There’s a wry proverb, widely if not conclusively attributed to Ambrose Bierce, that war is God’s way of teaching Americans geography. In other words, as this old chestnut suggests, we generally don’t bother to learn the map of the world until a conflict forces us to do it.
If there’s a corollary to this comment on our cultural illiteracy, maybe it’s the thought that we don’t bother to think about our community landmarks until a tragedy brings us to see them in new ways.
We’re thinking specifically of the new debate about Confederate monuments in New Orleans, a discussion that touches on questions resonating across Louisiana and, indeed, the whole South.
New Orleans Mayor Mitch Landrieu recently suggested that the big statue of Confederate Gen. Robert E. Lee, which dominates a St. Charles Avenue traffic circle named in Lee’s honor, should be in a museum, not a public place of honor. A citizens committee is considering what, if anything, should be done about a number of city monuments featuring Confederate figures. The issue is especially emotional right now because a 21-year-old white supremacist was recently charged with killing nine members of the historically black Emanuel AME Church in Charleston, South Carolina.
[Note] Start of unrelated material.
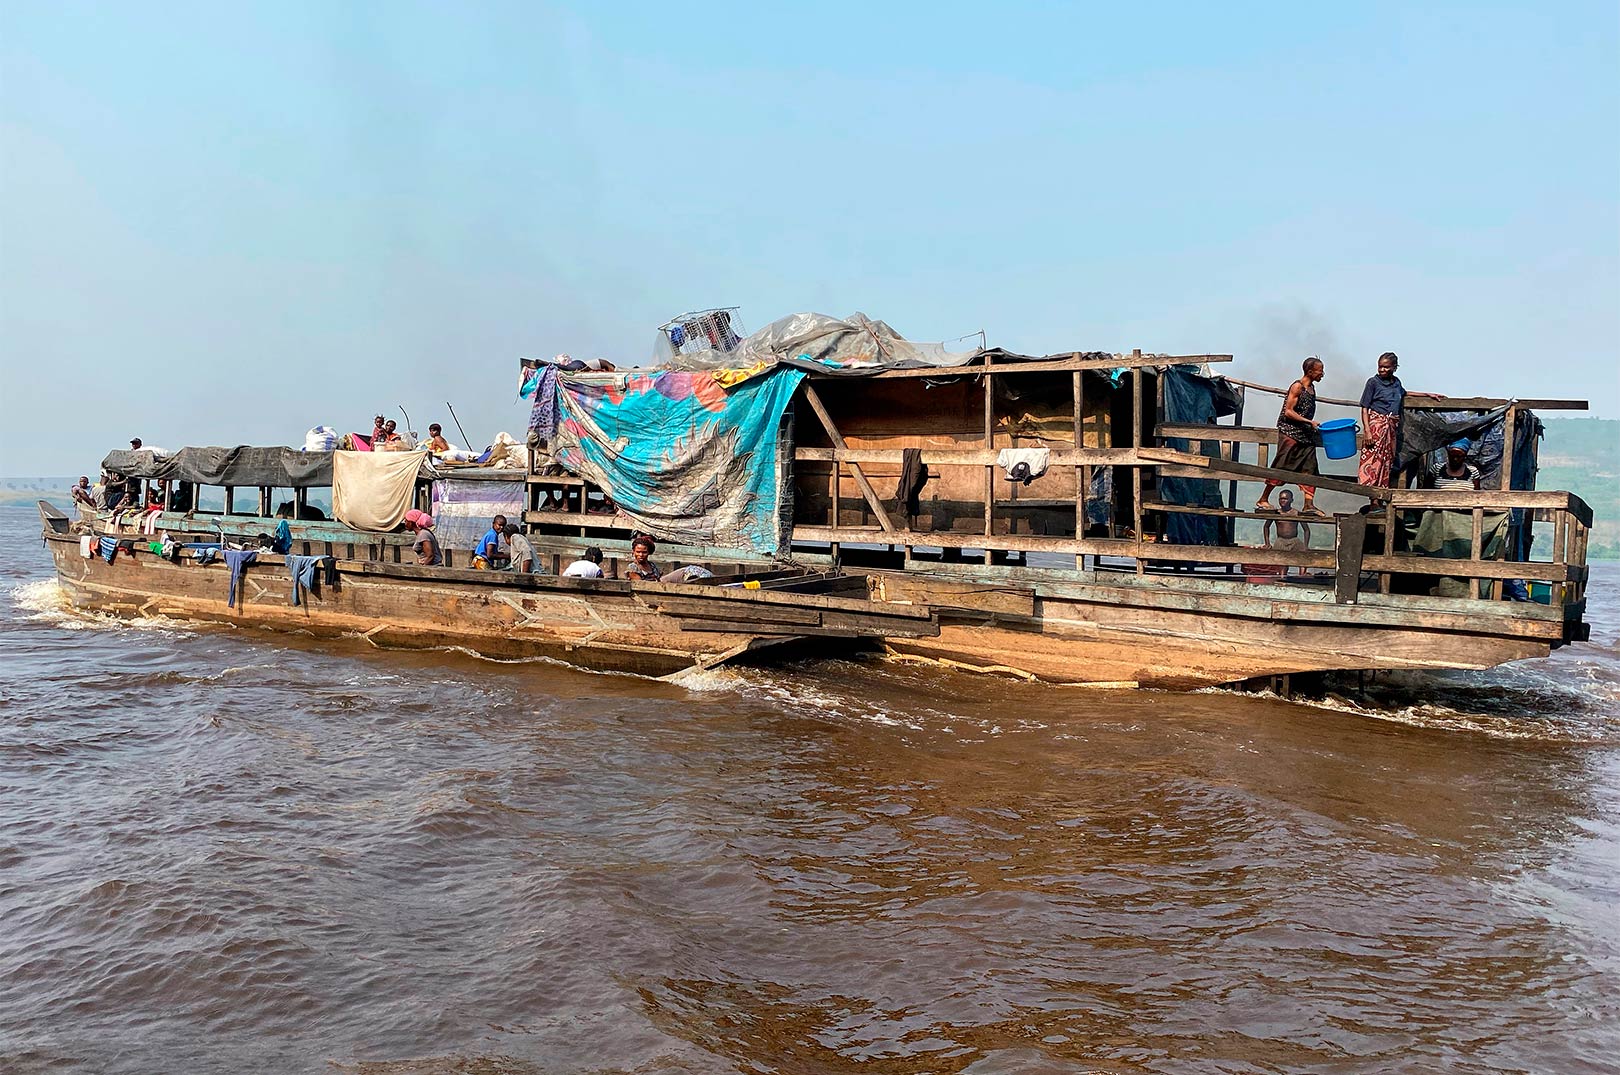 Når man fisker på Congofloden, der er hovedfærdselsåren gennem landet - ser man mange både som denne passere forbi.

We anticipate similar discussions about Confederate monuments in other parts of Louisiana. If there’s a silver lining to any of this, it’s the welcome news that residents are actually talking, in a sustained and vigorous way, about their own history. As one national survey after another makes clear, we Americans simply don’t know enough, or bother to learn, about our own past. The Charleston shootings have us talking, in some detail, about the legacies of a long-ago war, and that kind of scrutiny is a healthy thing for a democracy.
Any view of the Confederacy must acknowledge its central reality — that it was a political system devoted to the perpetuation of twin moral evils, slavery and white supremacy. History also reminds us that racially inspired injustice didn’t start with the Confederacy. Andrew Jackson, memorialized in Jackson Square, was a military hero who also owned slaves and brutalized Native Americans. But Jackson’s leadership in preserving the Union inspired Abraham Lincoln as a useful model for the presidency. George Washington and Thomas Jefferson have equally complicated legacies as slave owners who helped build institutions that would eventually advance liberty for all Americans, including those of color.
Such contradictions tell us that historical figures were often conflicted souls, touched by competing impulses toward darkness and light.
Maybe that’s been the most sobering aspect of this debate so far. In peering into our past and revisiting those grave men in their odd costumes, we’re seeing people who sometimes look, a bit uncomfortably, like we do.